At 800 K the equilibrium constant for I2(g) 2 I(g) is Kc = 3.1 10-5. If an equilibrium mixture in a 10.0-L vessel contains 3.56 10-2 g of I(g), how many grams of I2 are in the mixture?
...........I2 ==> 2I
equil mols I = 0.0356g/about 127 = about 2.8E-4. M = mols/L = about 2.8E-5. You need to confirm these numbers.
Kc = (I)^2/(I2)
You know equil (I) and Kc, calculate (I2).

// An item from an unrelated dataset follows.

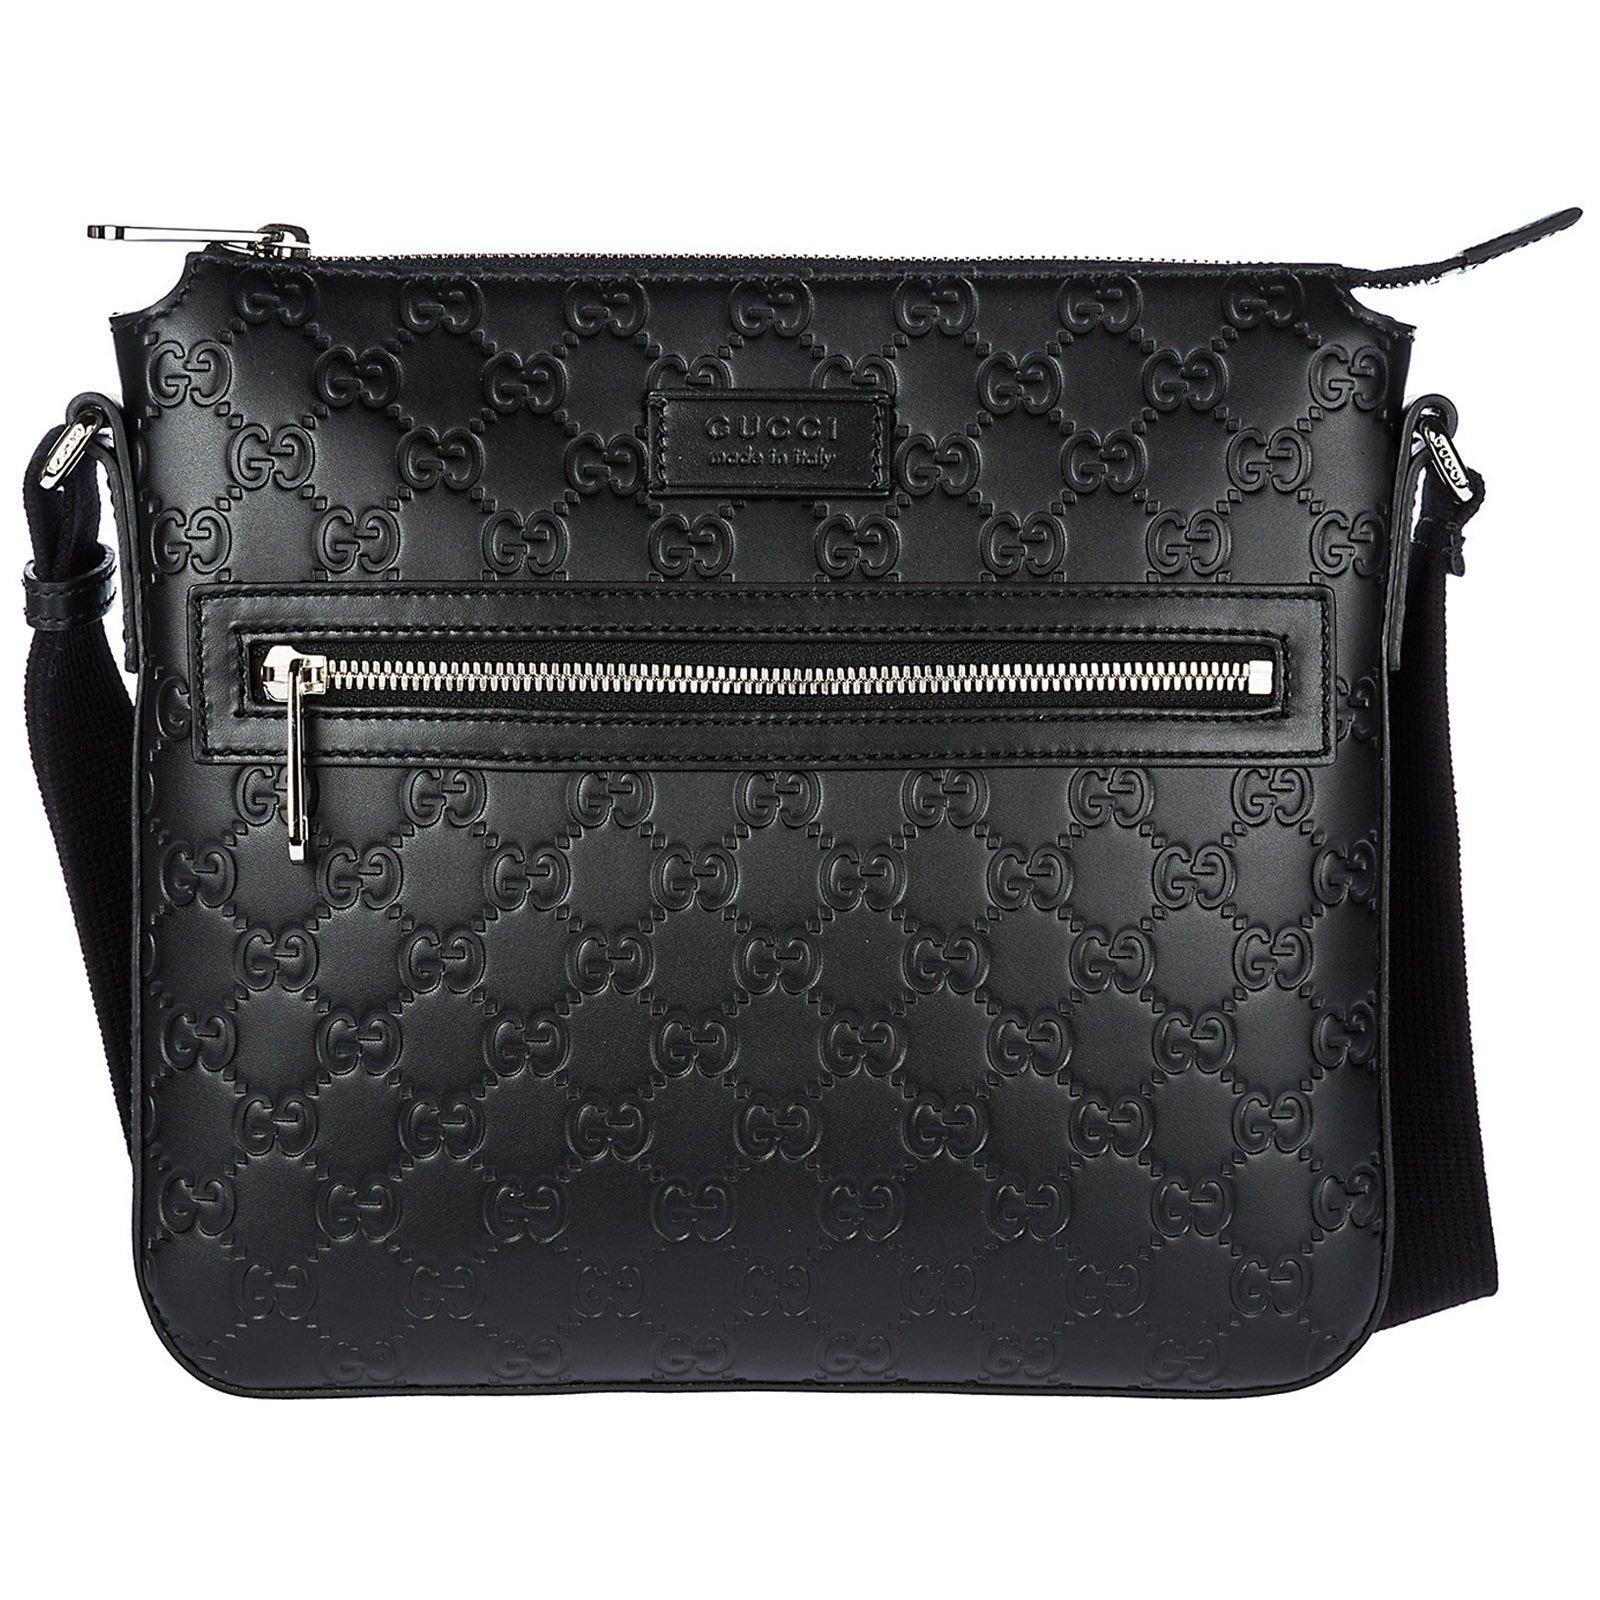 43a0861657d Gucci Signature Embossed Messenger Bag In Black Signature. CETTIRE

AMDG i need some help bkim and zurak
To find the number of grams of I2 in the mixture, we need to use the equilibrium constant expression and the given information.
The equilibrium constant expression for the reaction I2(g) ⇌ 2 I(g) is given by:
Kc = [I(g)]^2 / [I2(g)]
Now let's substitute the given values into the equation.
Kc = 3.1 × 10^(-5)
[I(g)] = 3.56 × 10^(-2) g
[I2(g)] = ? (the unknown mass of I2)
We can rearrange the equilibrium constant expression to solve for [I2(g)]:
[I2(g)] = [I(g)]^2 / Kc
Plugging in the known values:
[I2(g)] = (3.56 × 10^(-2) g)^2 / (3.1 × 10^(-5))
Simplifying the equation:
[I2(g)] = 12.903 g / (3.1 × 10^(-5))
Calculating the result:
[I2(g)] ≈ 416,548.39 g
Therefore, the number of grams of I2 in the mixture is approximately 416,548.39 g.